J.-C. Levesque, C. Gagne and L.-P. Morency. Sequential Emotion Recognition using Latent-Dynamic Conditional Neural Fields. In Proceedings of the IEEE Conference on Automatic Face and Gesture Recognition (FG), 2013
Psychologists believe that facial expressions and verbal messages are some of the primary channels of human communication. In recent years, automatic emotion recognition has received considerable attention. The development of technologies in emotion recognition is surprisingly fast but requires further research.
At the early stage, researchers focused mostly on emotion analysis from single static facial images under constrained circumstances. The recognition in the real world is certainly quite different.
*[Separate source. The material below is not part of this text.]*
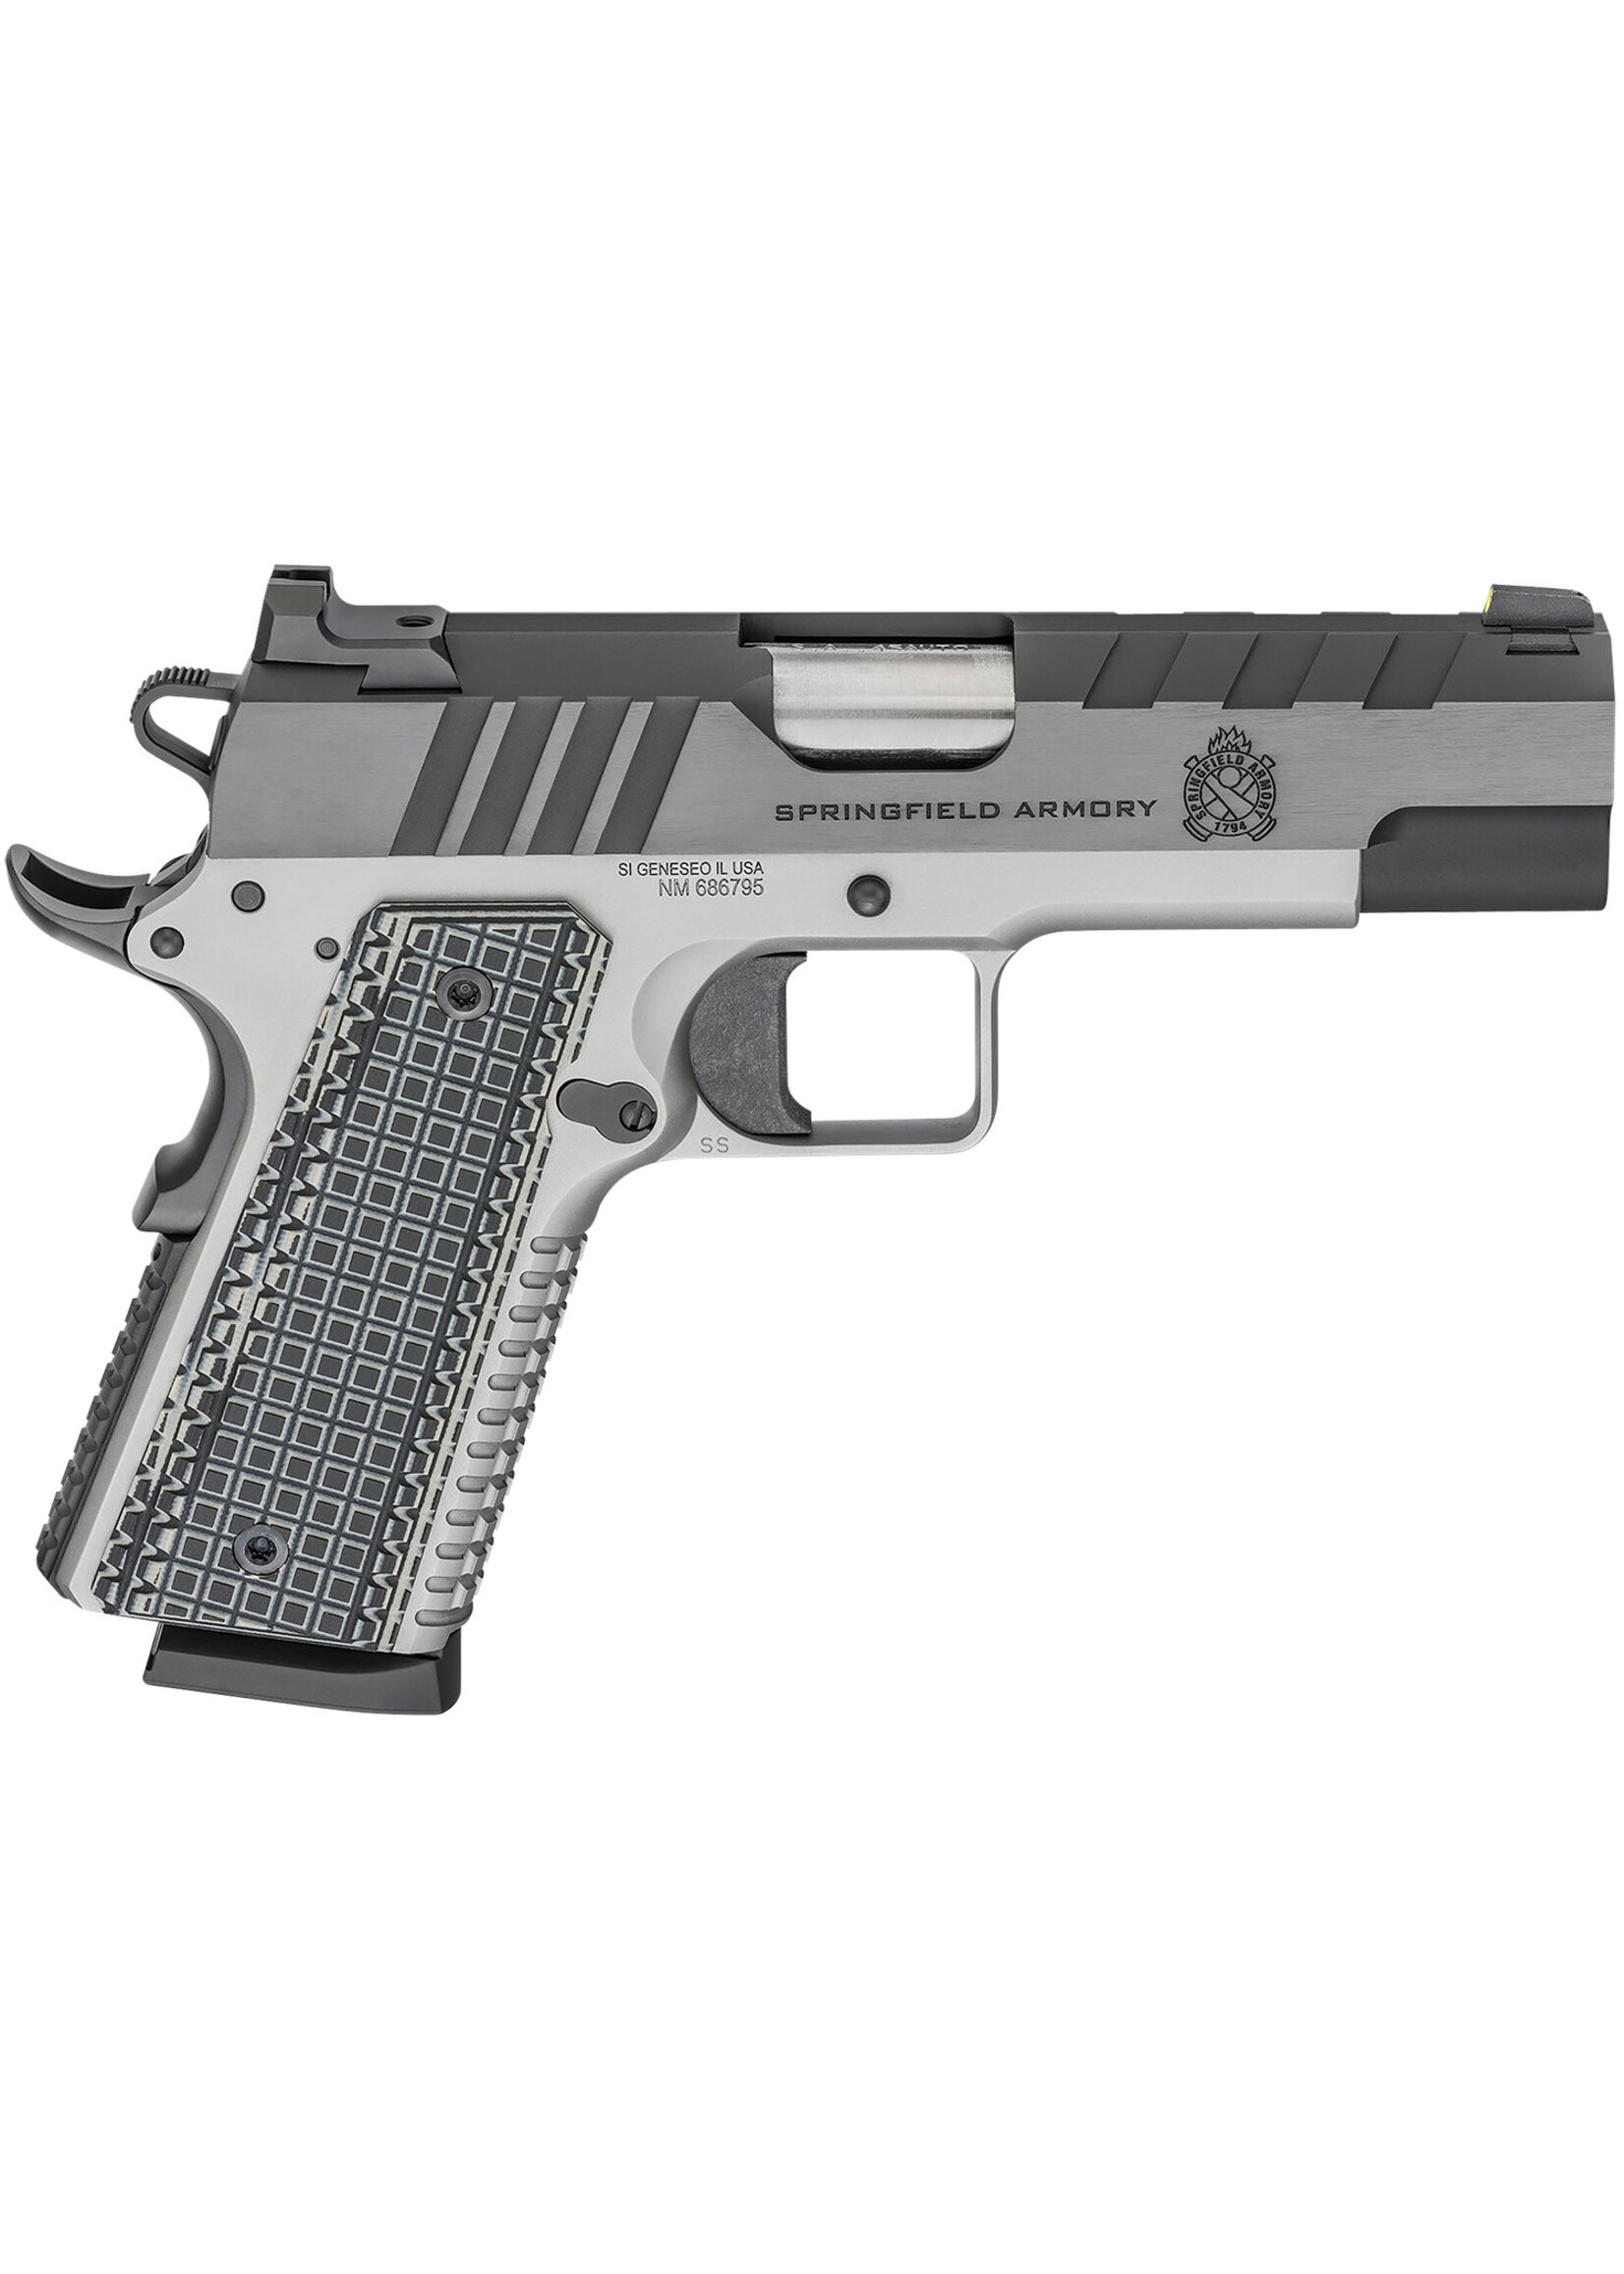 Springfield Armory Springfield Armory PX9218L 1911 Emissary 45 ACP 8+1, 4.25" Stainless Match Grade Bull Steel Barrel, Blued/Stainless Serrated/Tri-Top Cut Steel Slide, Stainless Steel Frame w/Beavertail, Black VZ Thin-Line G10 Grip, Right Hand

As human emotions are dynamic streaming, the research is turning into recognition through video or image sequences. In our work, we try to develop multimodal machine learning methods for static and temporal emotion and affect recognition.
Typical techniques for sequence modeling rely upon well-segmented sequences which have been edited to remove noisy or irrelevant parts. Therefore, we cannot easily apply such methods to noisy sequences expected in real-world applications.
We study sequence modeling through the combination of RNNs that captures the temporal dependencies and the attention mechanism that localizes the salient observations which are relevant to the final decision and ignore the irrelevant (noisy) parts of the input sequence.